> Work request:
Nothing but the pictures may be dropped; the rest of the listing is to be written out exactly.

> Dataset extract:
┌────────
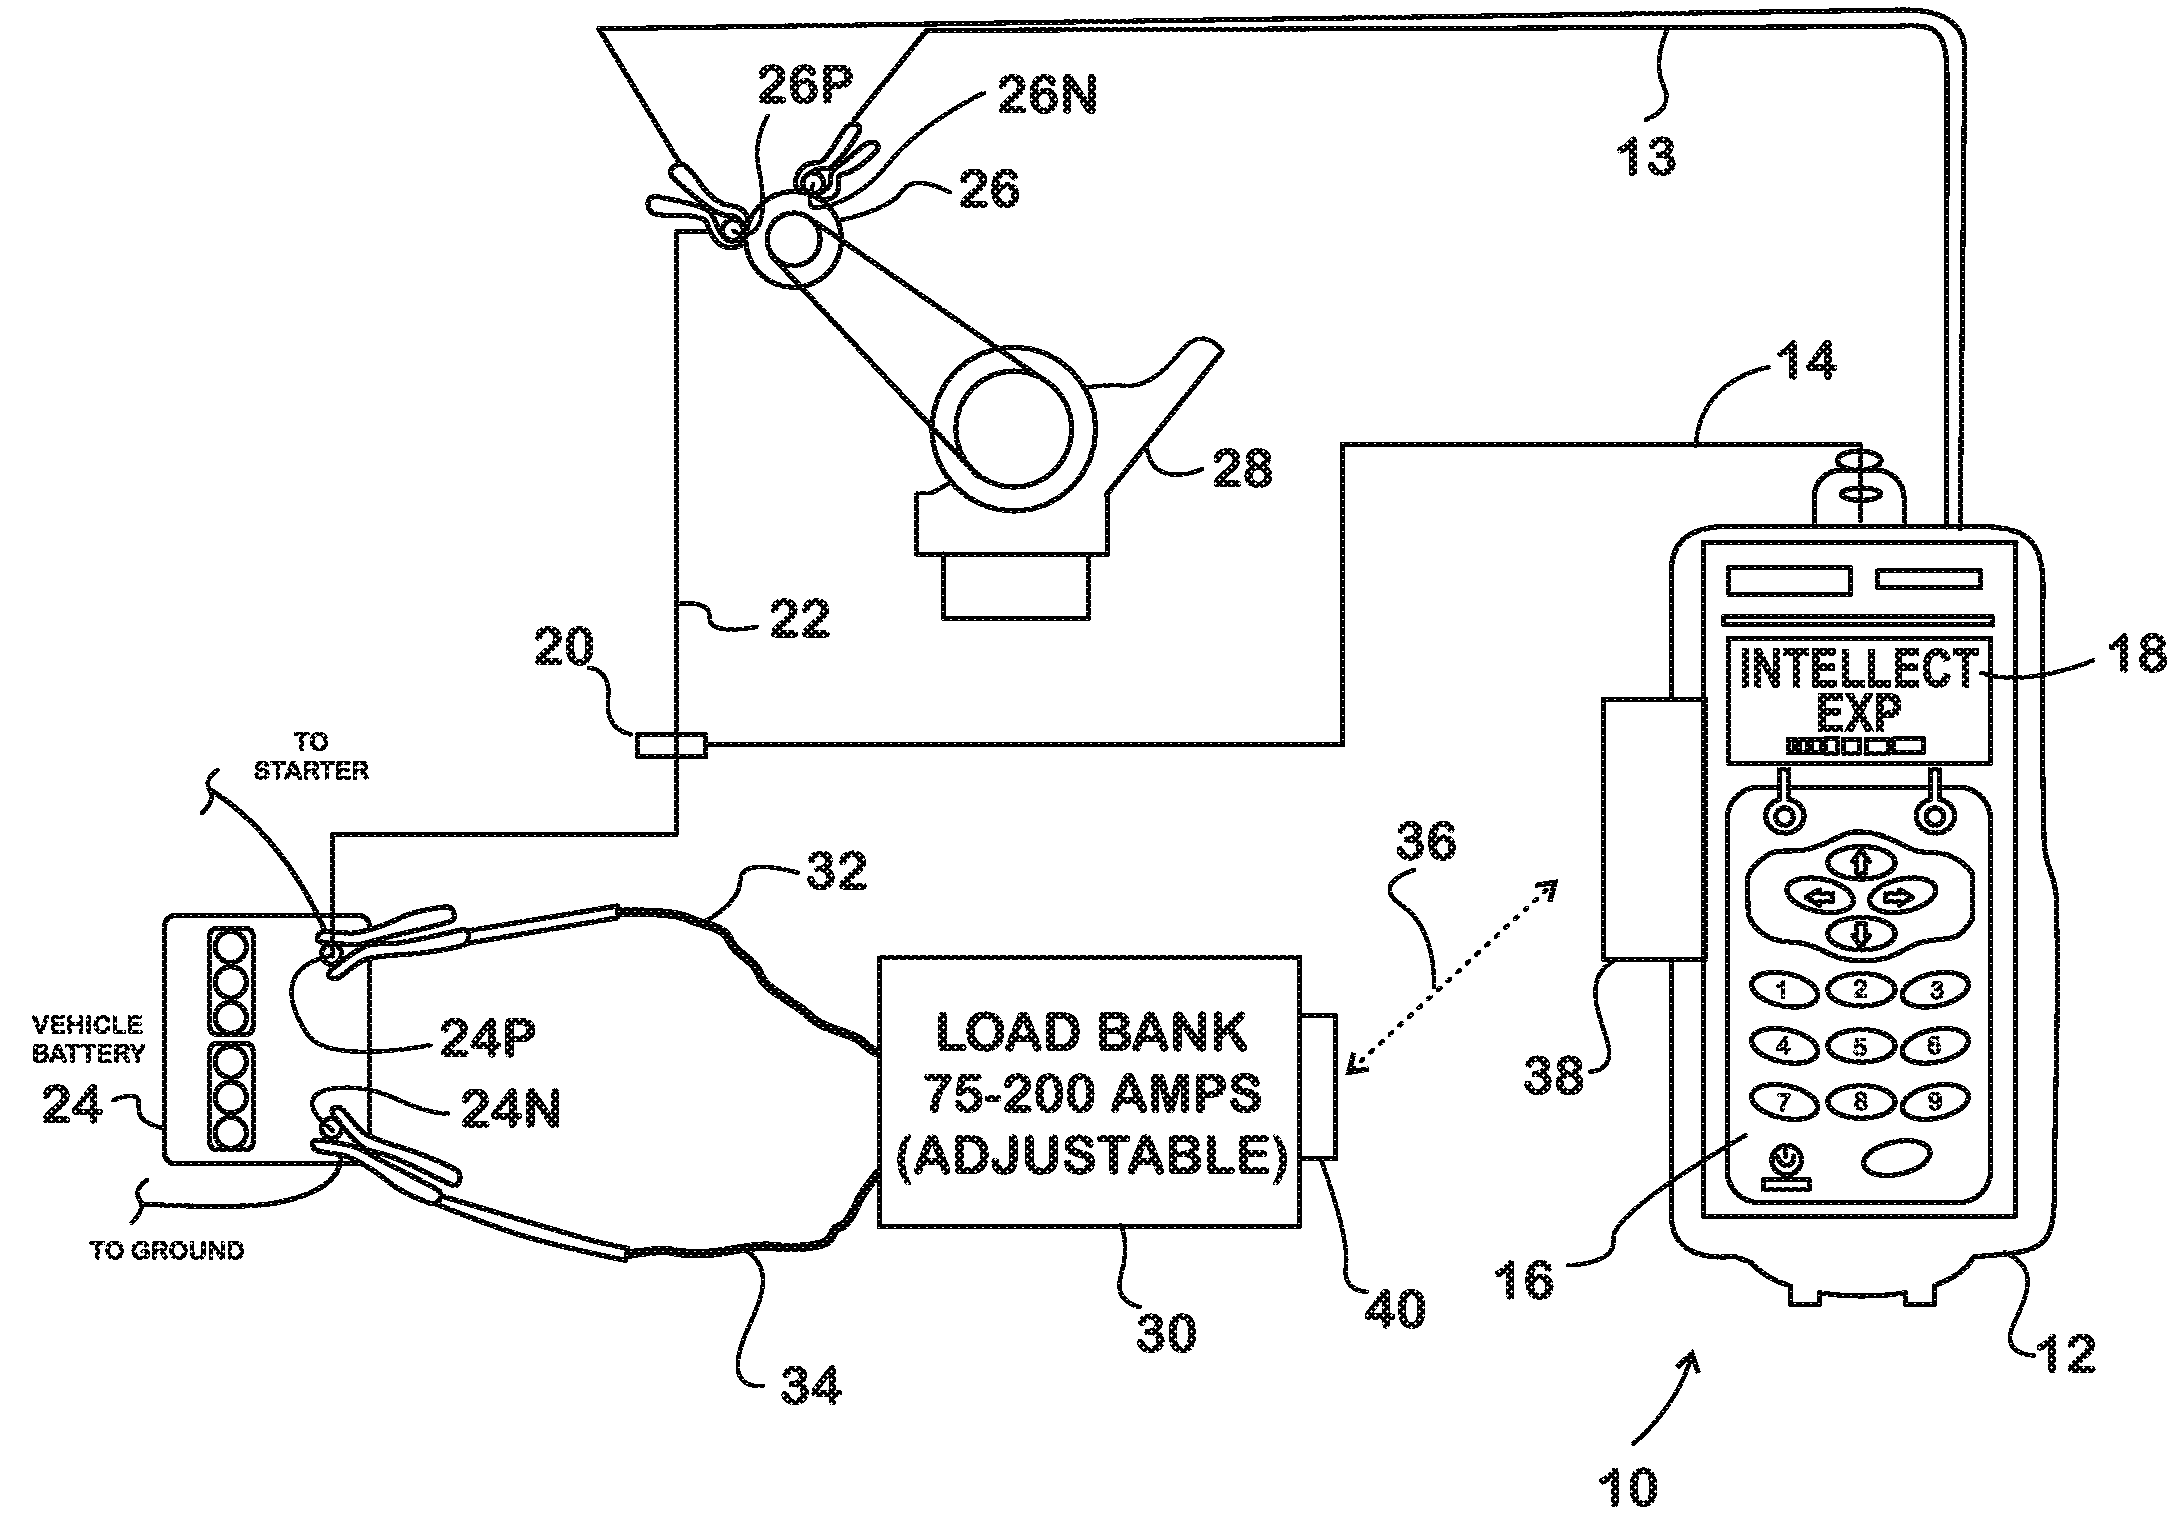 Electrical system testing using a wireless-controlled load bank
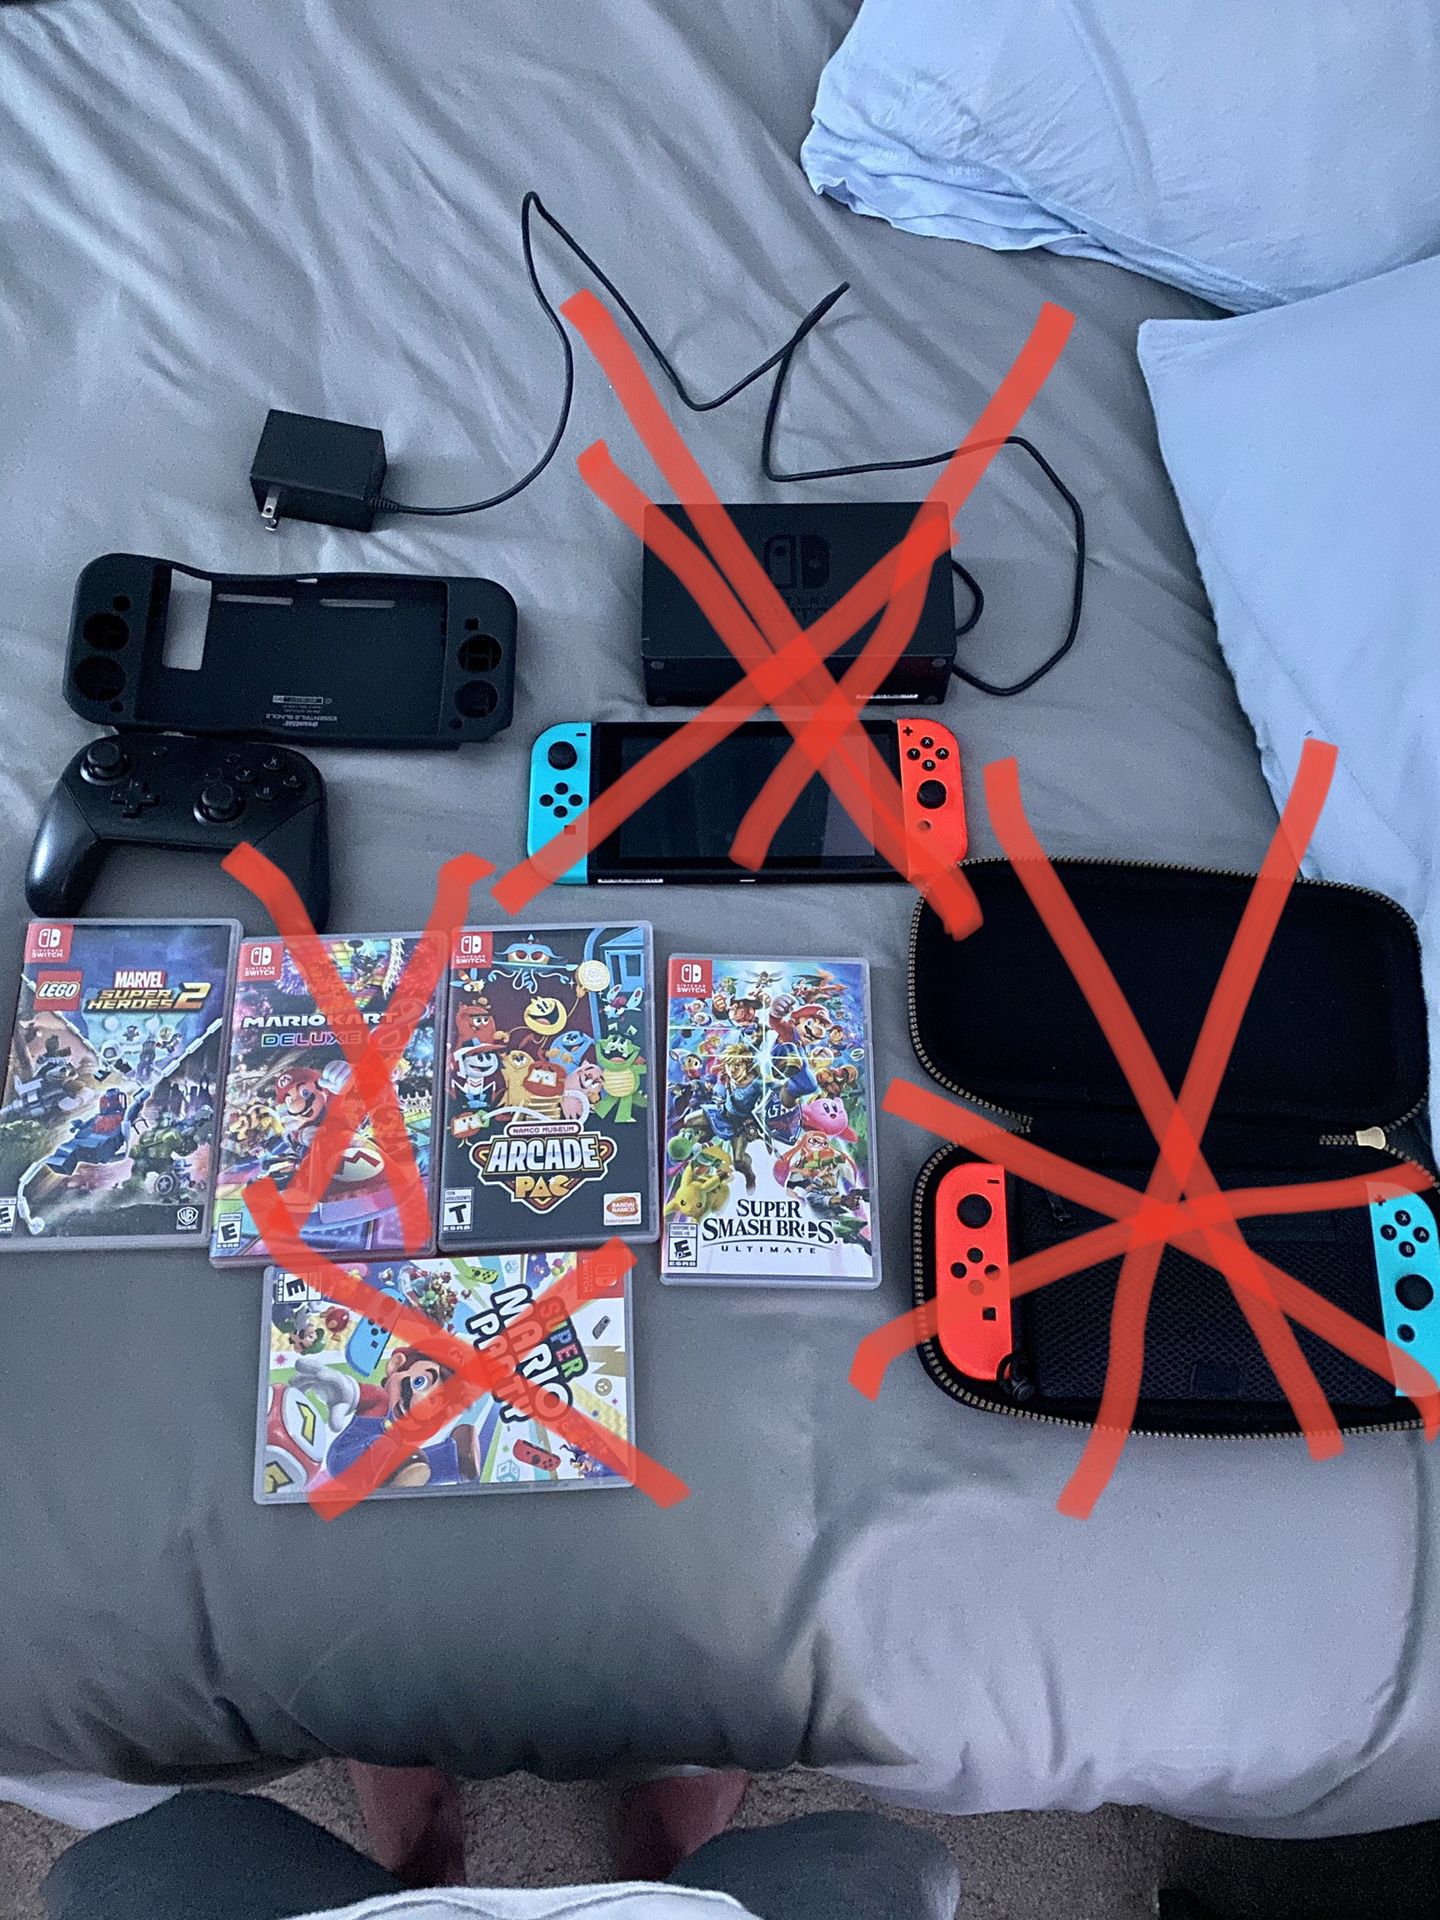 Switch games and controller
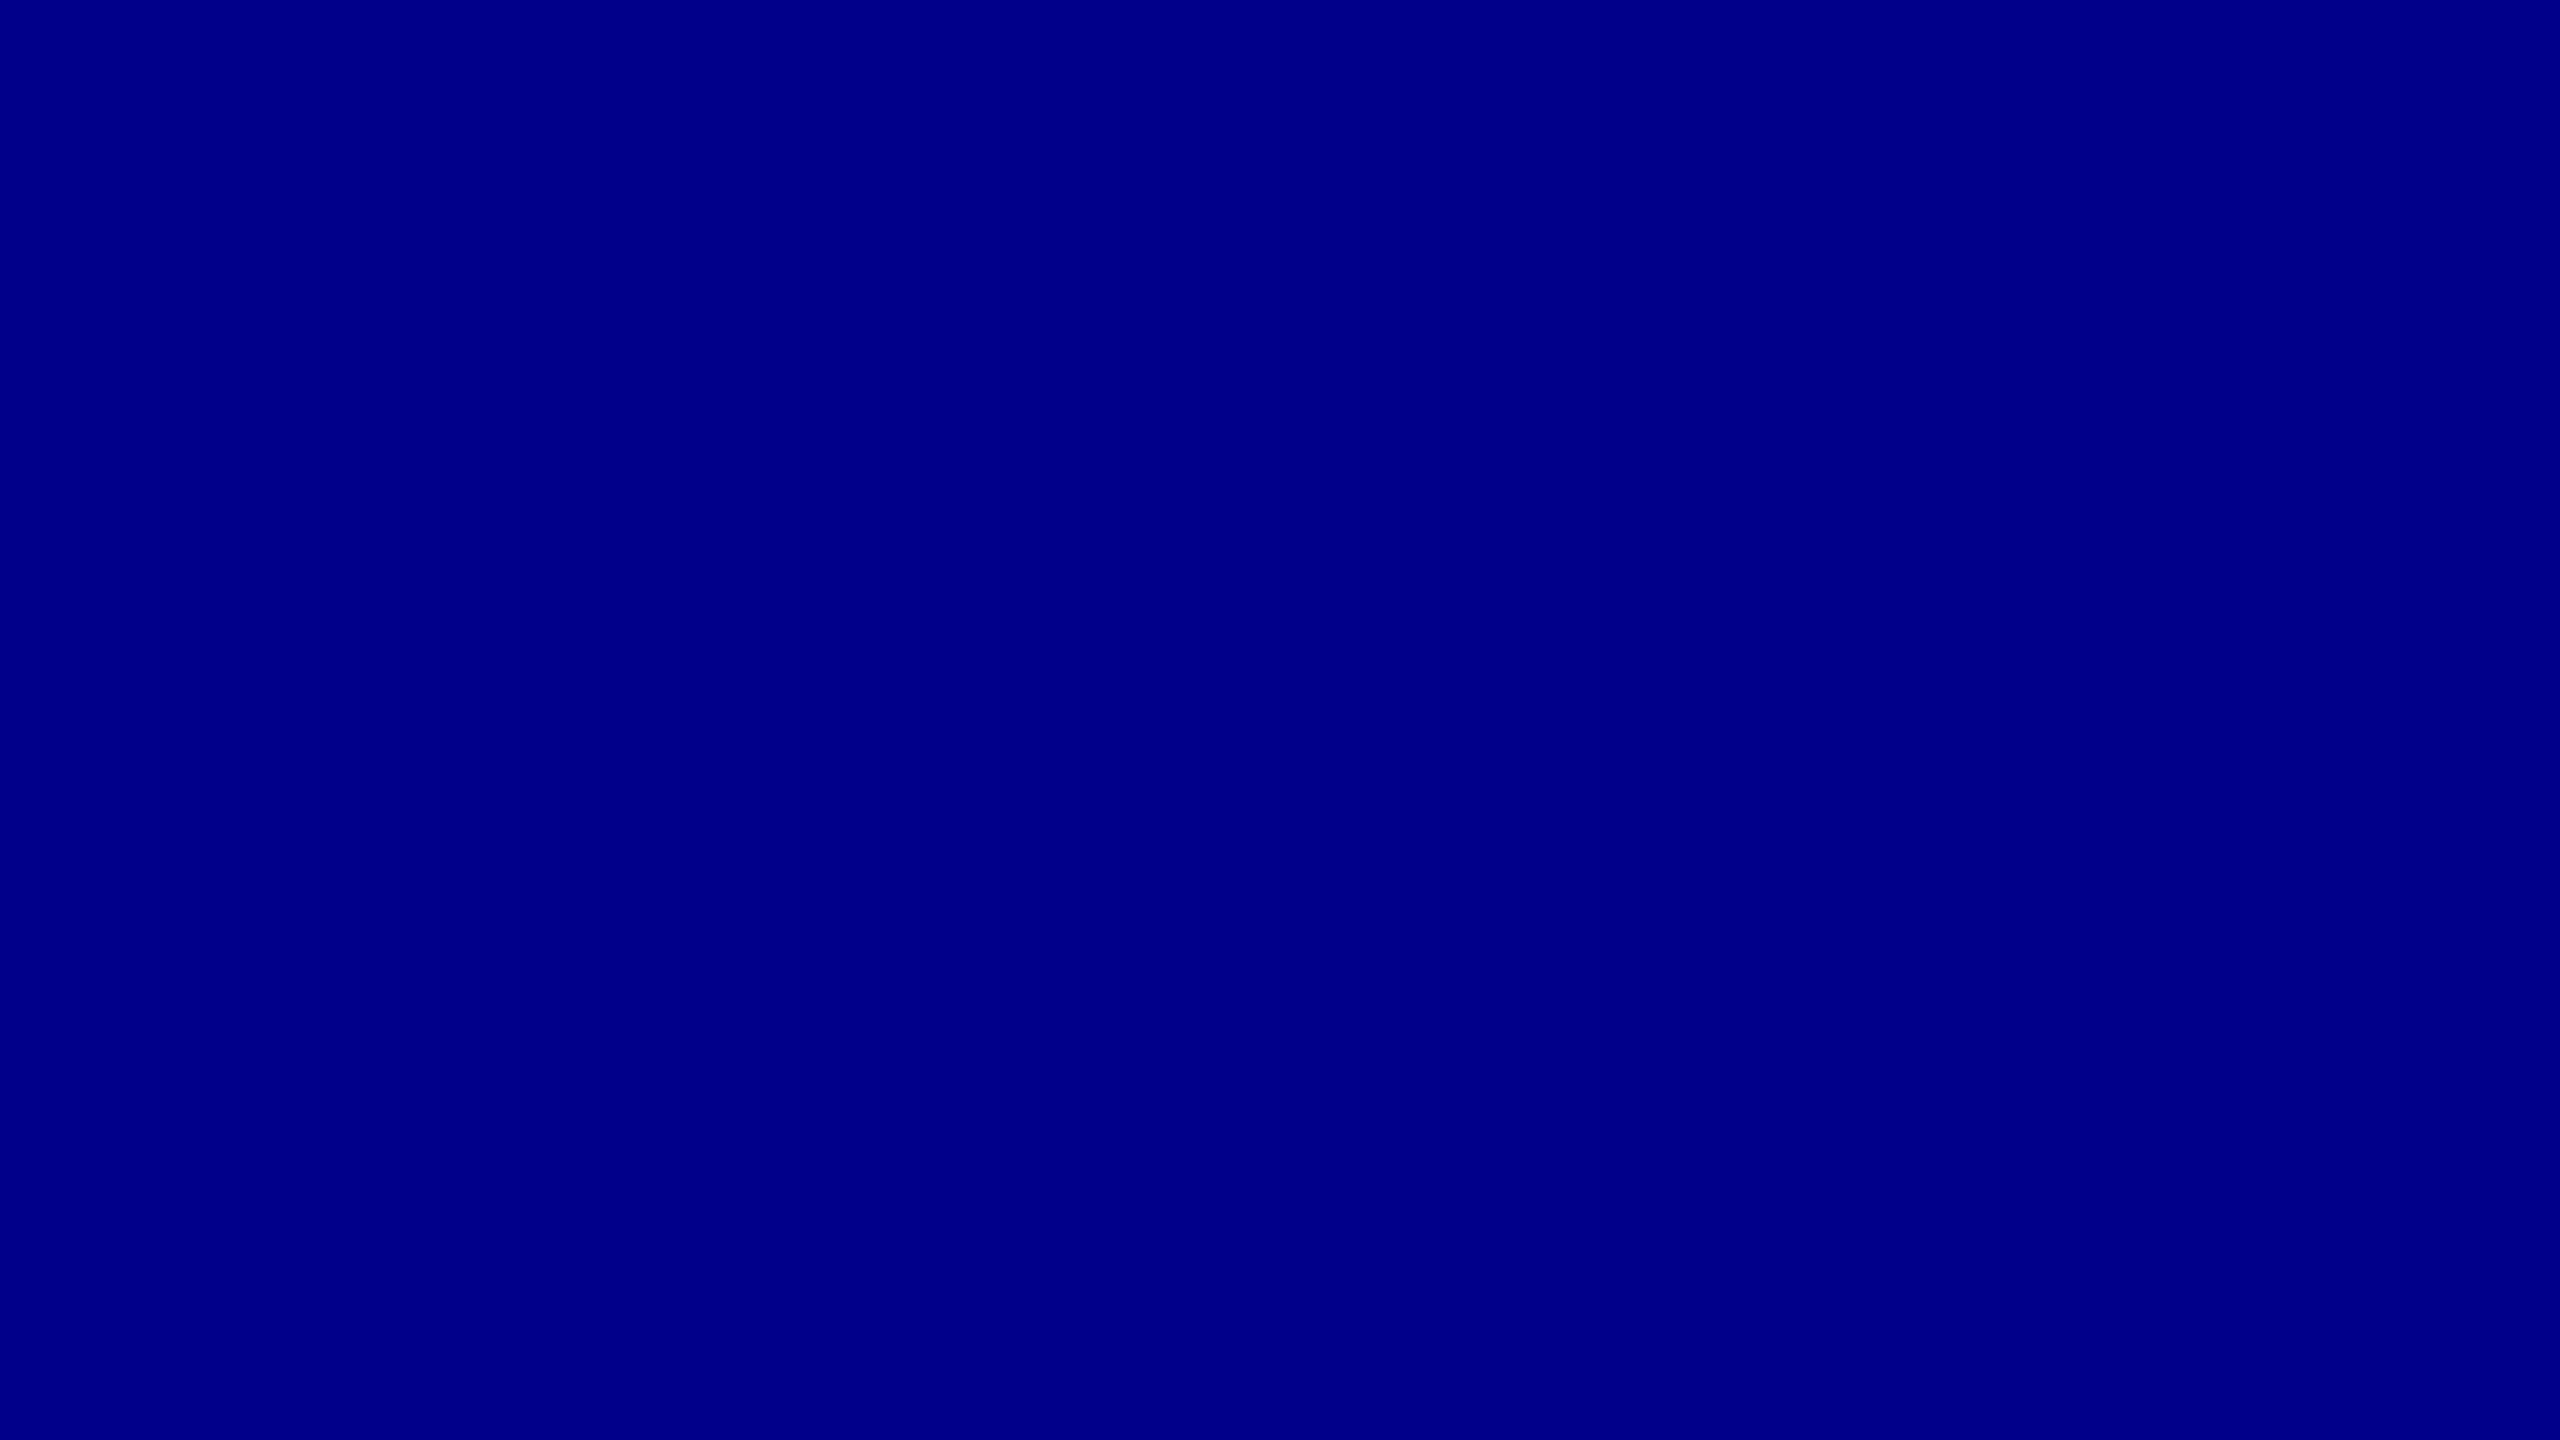 Dark Solid Blue Background Hd Wallpapers Pictures 2560x1440
└────────
> Your solution:
 Electrical system testing using a wireless-controlled load bank
 Switch games and controller
 Dark Solid Blue Background Hd Wallpapers Pictures 2560x1440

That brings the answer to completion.